§ Stored data:

====

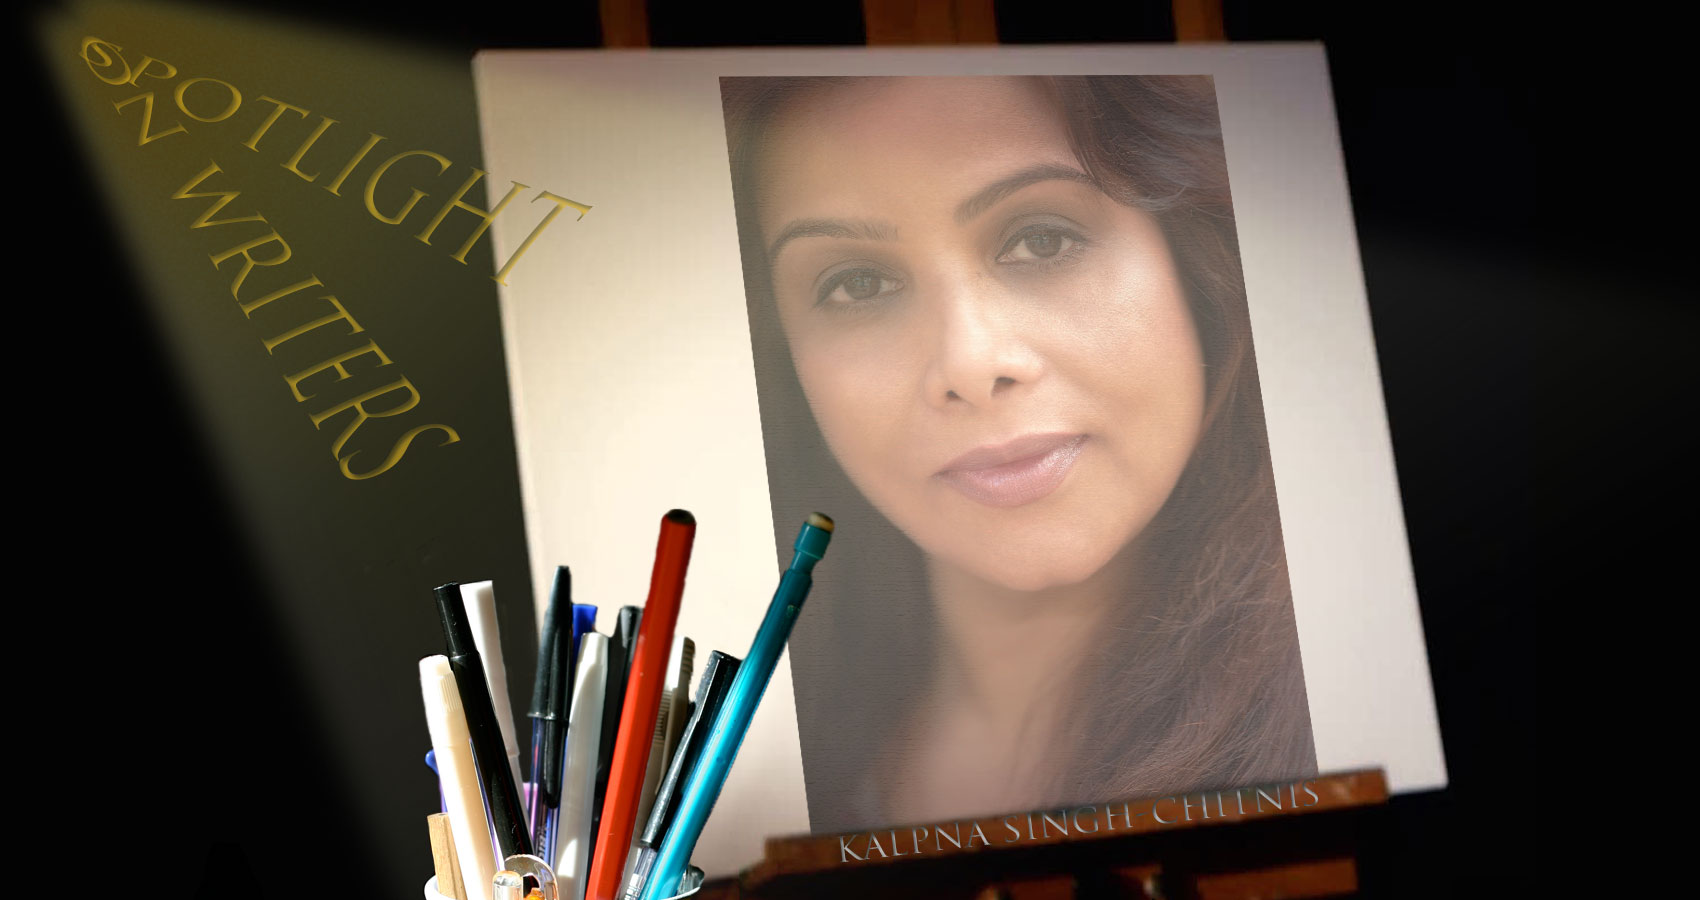 Spotlight On Writers - Kalpna Singh-Chitnis, interview at Spillwords.com
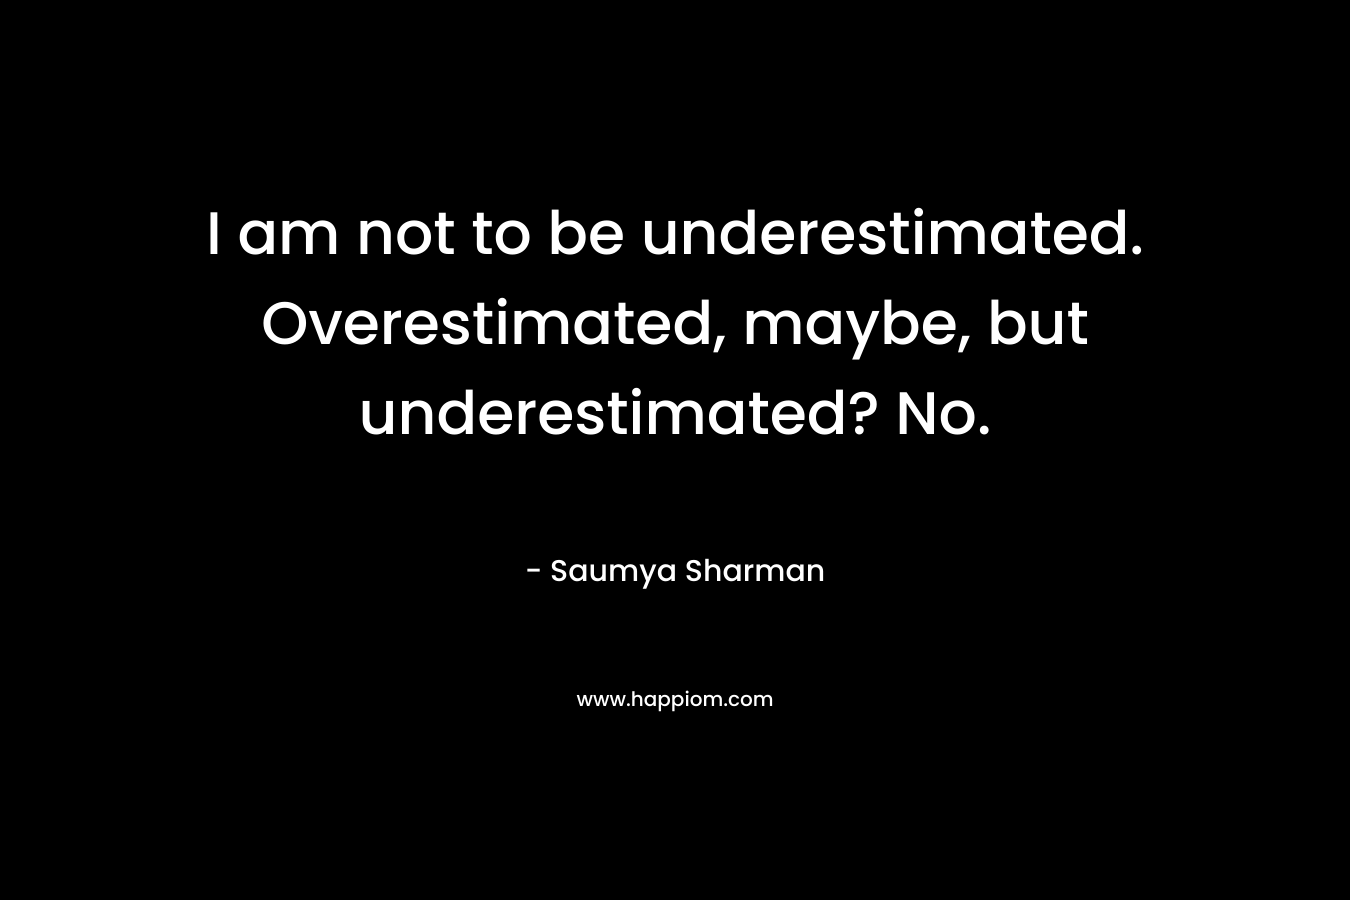 I am not to be underestimated. Overestimated, maybe, but underestimated? No.
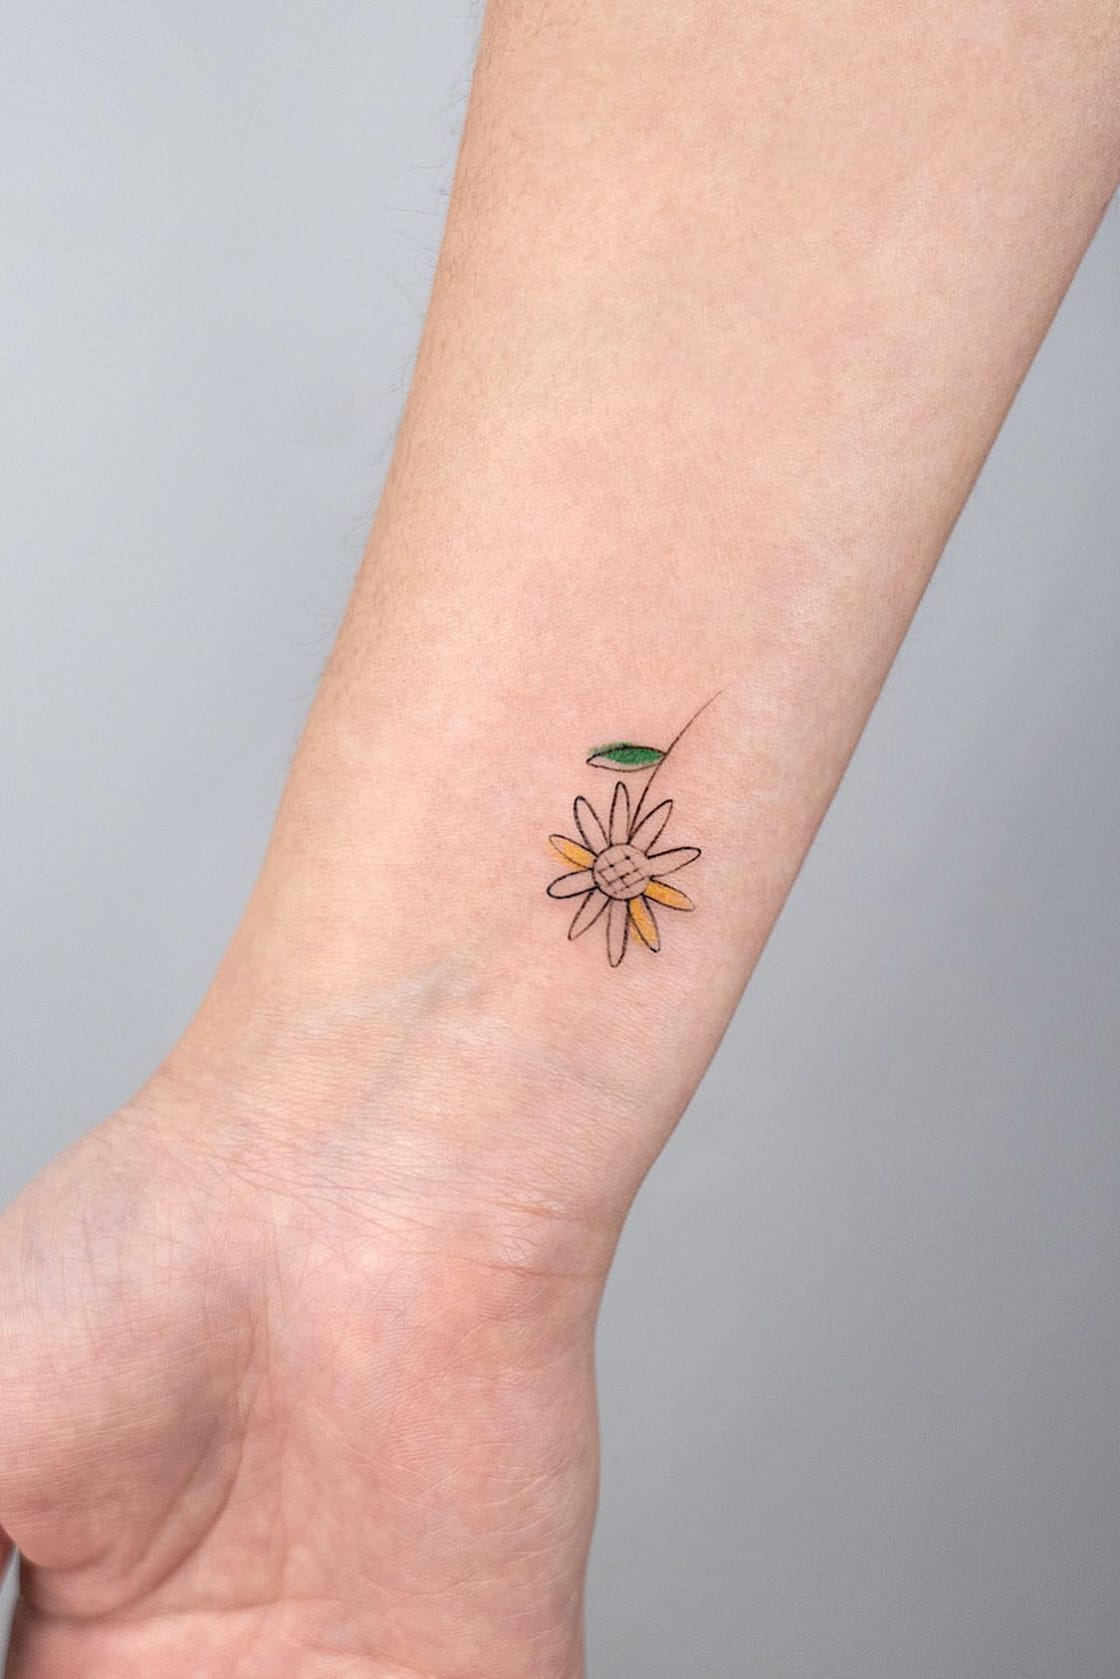 small sunflower tattoo on wrist

====

§ About this task: Every line of the listing is to be retyped exactly; pictures stay out.

§ Your response:
 Spotlight On Writers - Kalpna Singh-Chitnis, interview at Spillwords.com
 I am not to be underestimated. Overestimated, maybe, but underestimated? No.
 small sunflower tattoo on wrist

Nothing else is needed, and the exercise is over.